Thursday, August 25, 2005

Crime Scene Abomination

CSI: Las Vegas - Crime Scene Investigation (Nine Network)

What is it with CSI?

Given the seemingly endless global proliferation of the franchise, no doubt the good citizens of rural Victoria are preparing for the cameras to roll on CSI: Warrnambool - but it is the origin of the species that I speak of here. CSI: Las Vegas.

I'm sorry. I simply cannot watch it any more.

The acting is amateur-standard and overblown, the scripts cliched and melodramatic, the plotlines frequently ridiculous, and - most infuriatingly of all - the series relies for its impact not on traditional dramatic elements such as plot or characterisation, but on a liberal display of gore to which the counterpoint is a prevailing attitude of world-weariness from the principal players. This mass disembowellment of a middle class family in their own home sure is shocking, but hey, I'm with the Las Vegas CSI team, and I'm far too experienced to be shocked by any of this.

Splashing the screen with blood and bodies is the bluntest of blunt instuments with which to bludgeon an undemanding audience.

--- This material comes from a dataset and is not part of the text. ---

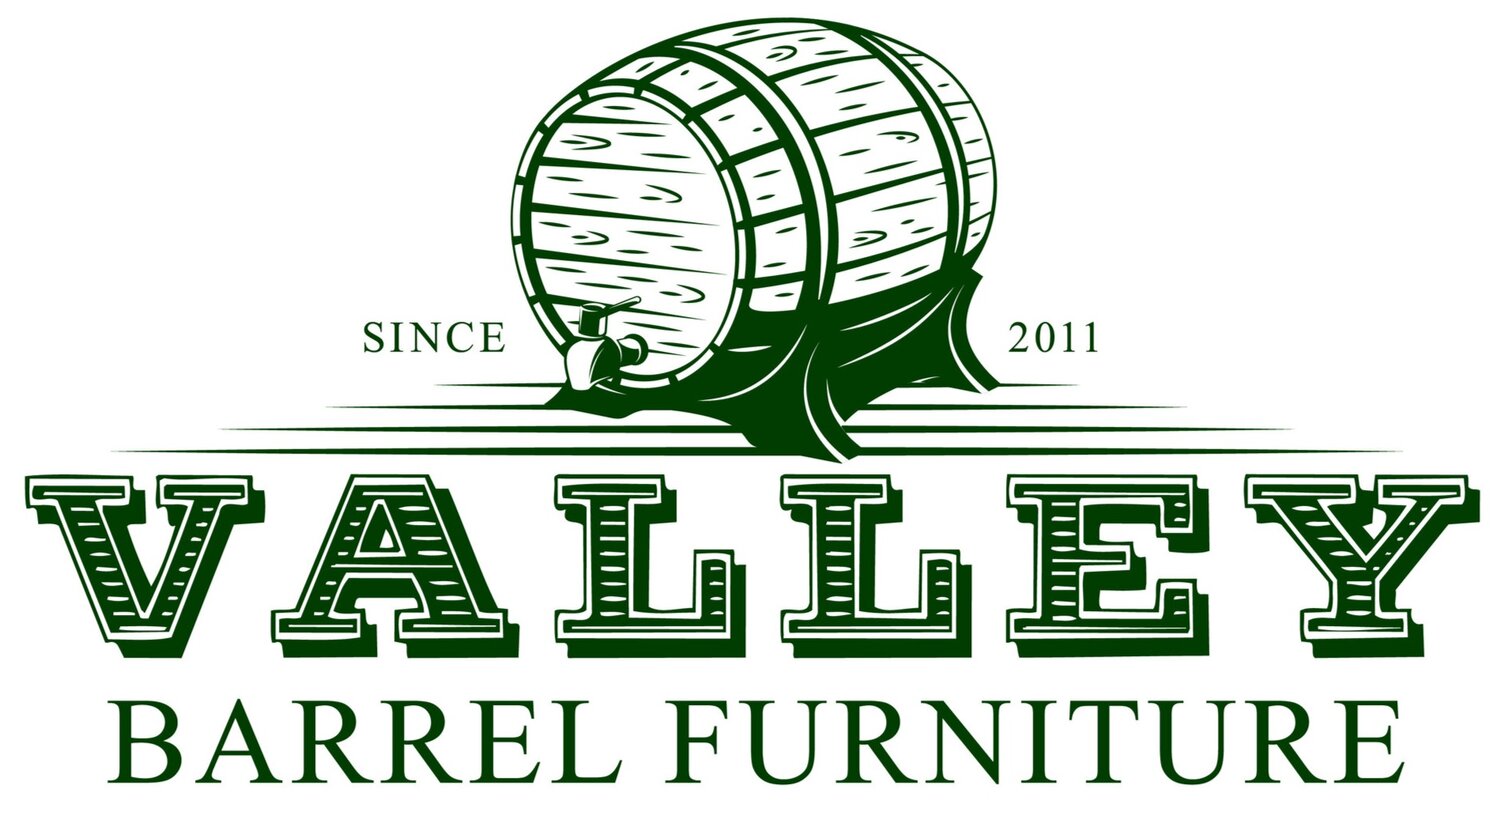 Valley Barrel Furniture

CSI's other tried'n'true technique is a regular-as-clockwork weekly piece of technical whizzbangery in which the viewer is televisually thrust through a victim or killer's arteries, intestines, brain, or alimentary canal to disclose the scientific detail behind the CSI team's breakthroughs. It's Hollywood special effects at its small-screen best, but, for all its dazzlement, it can't blind us to the shortcomings of the rest of the show.

We are meant to believe that police forensic scientists routinely pack weapons and interrogate suspects. The reality is that the people CSI glorifies are more often nerdy, bespectacled scientists who provide technical information to real police, who then do the actual crimefighting.

But that would make CSI just another cop show.

Can anyone take Gus Grissom seriously? This pasty lardarse struts around in shades, quoting classical literature and dropping what the scriptwriters evidently consider to be heavily ironic remarks about morality and the woeful state of the world in general. He is the sort of person you would duck into a broom closet to avoid if you saw him in the corridor at work.

His supporting cast includes two females, one young and one old, both of whom are readily interchangeable. They are evidently modelled on Sgt Pepper Anderson, circa 1973, from Policewoman - but they lack the depth of character.

Then there are the men - one black, one white, both painful. All the team members are unarguably good guys without any personality flaws. Oh, the black guy had a gambling problem once, but that's pretty much it.

Backing up this sorry assortment is - and here's a surprise - the veteran hardnosed cop. Bad haircut, unfashionable clothes, etc. You know the drill.

Yet CSI is a global phenomenon, which has spawned a clutch of identical shows differing only in location. There is endless potential to clone the program. Its popularity is unquestionable. But I'm happy to mark myself out in this case as different from the tens of millions of fans who love the show. However faint your voice in the wilderness, sometimes you just have to take a stand against mediocrity. Or, in this case, against trash.